With the pictures left out, restate exactly the part below that opens with the line containing "CleverReach доставляемость (%)" and closes with the line containing "Juegos Olímpicos bit.ly/3Usqdd8".

DATA RECORDS |
--*--

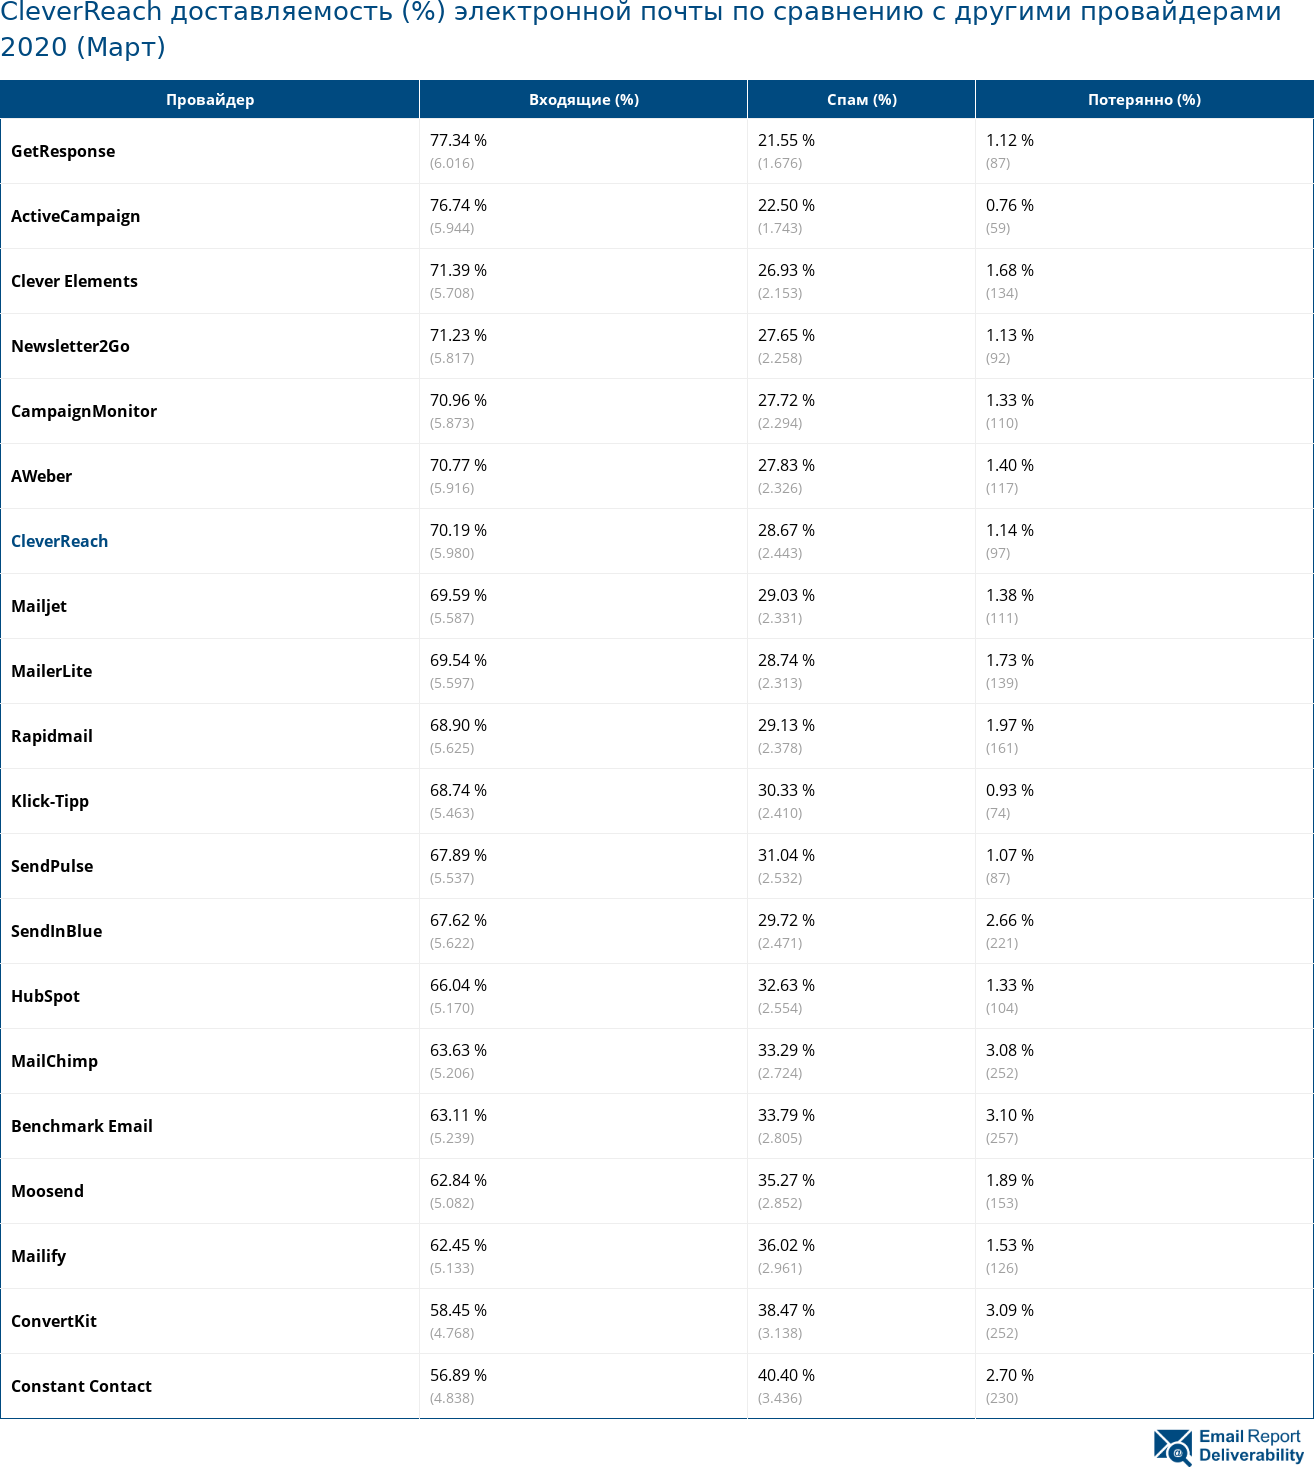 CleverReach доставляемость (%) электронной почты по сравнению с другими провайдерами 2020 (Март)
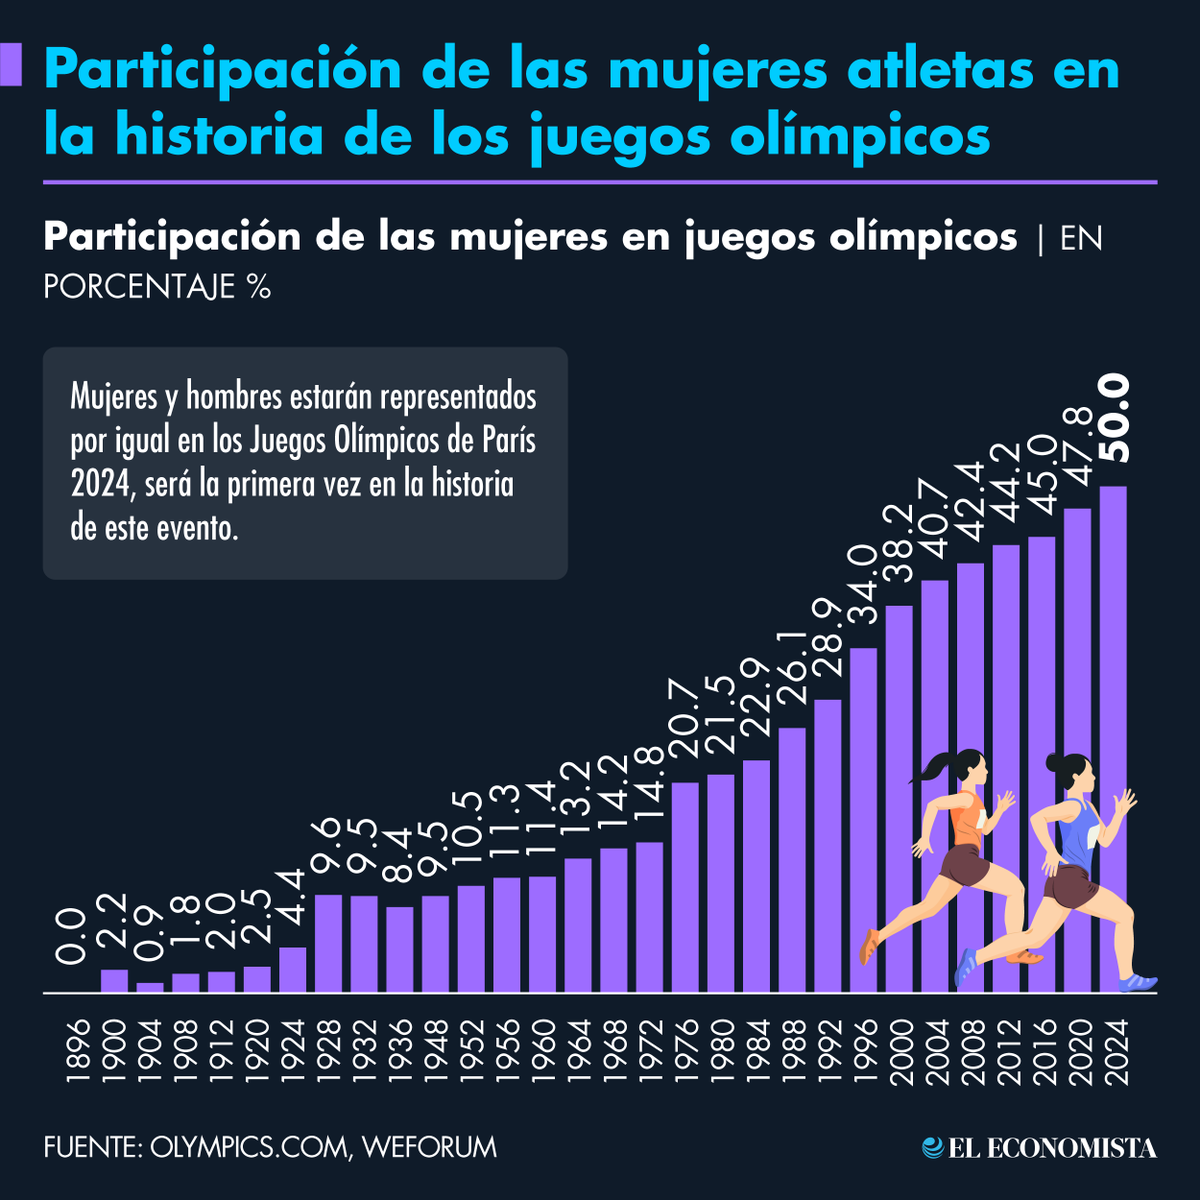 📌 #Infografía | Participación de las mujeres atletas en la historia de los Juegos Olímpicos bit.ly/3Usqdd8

--*--

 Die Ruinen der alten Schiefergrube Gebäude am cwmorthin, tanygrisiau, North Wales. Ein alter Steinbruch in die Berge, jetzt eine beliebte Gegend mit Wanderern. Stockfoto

--*--

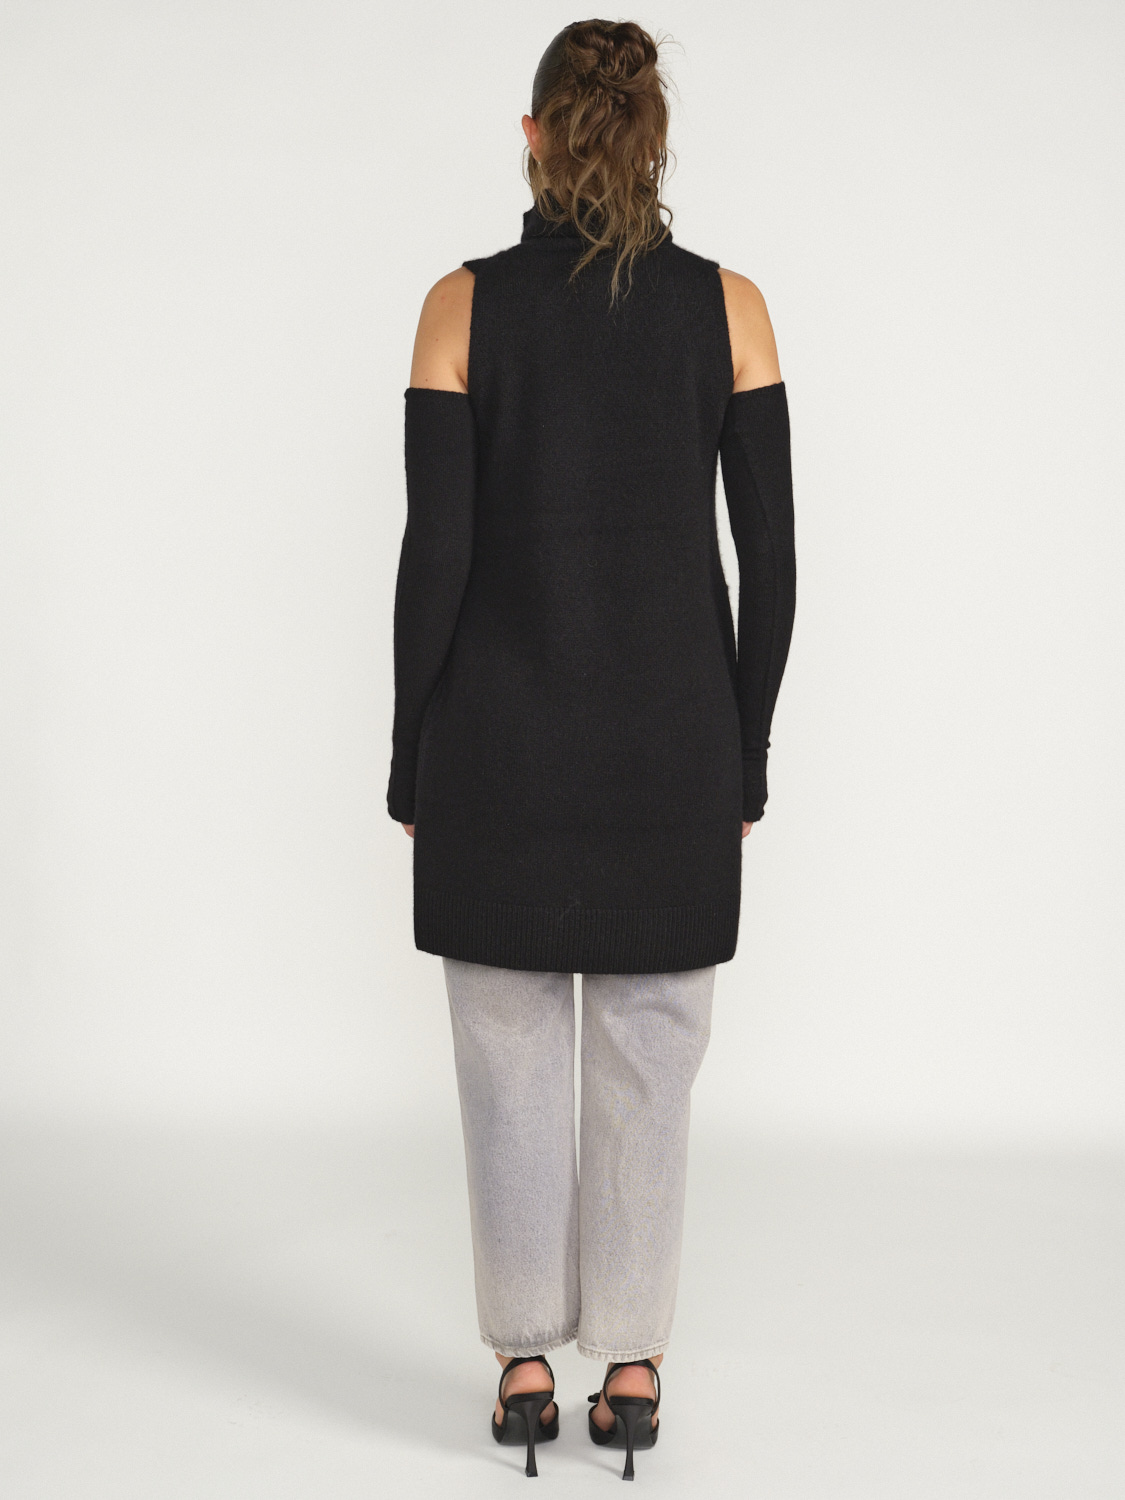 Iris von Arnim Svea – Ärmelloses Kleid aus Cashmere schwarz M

--*--

ANSWER TO THE EXERCISE |
 CleverReach доставляемость (%) электронной почты по сравнению с другими провайдерами 2020 (Март)
 📌 #Infografía | Participación de las mujeres atletas en la historia de los Juegos Olímpicos bit.ly/3Usqdd8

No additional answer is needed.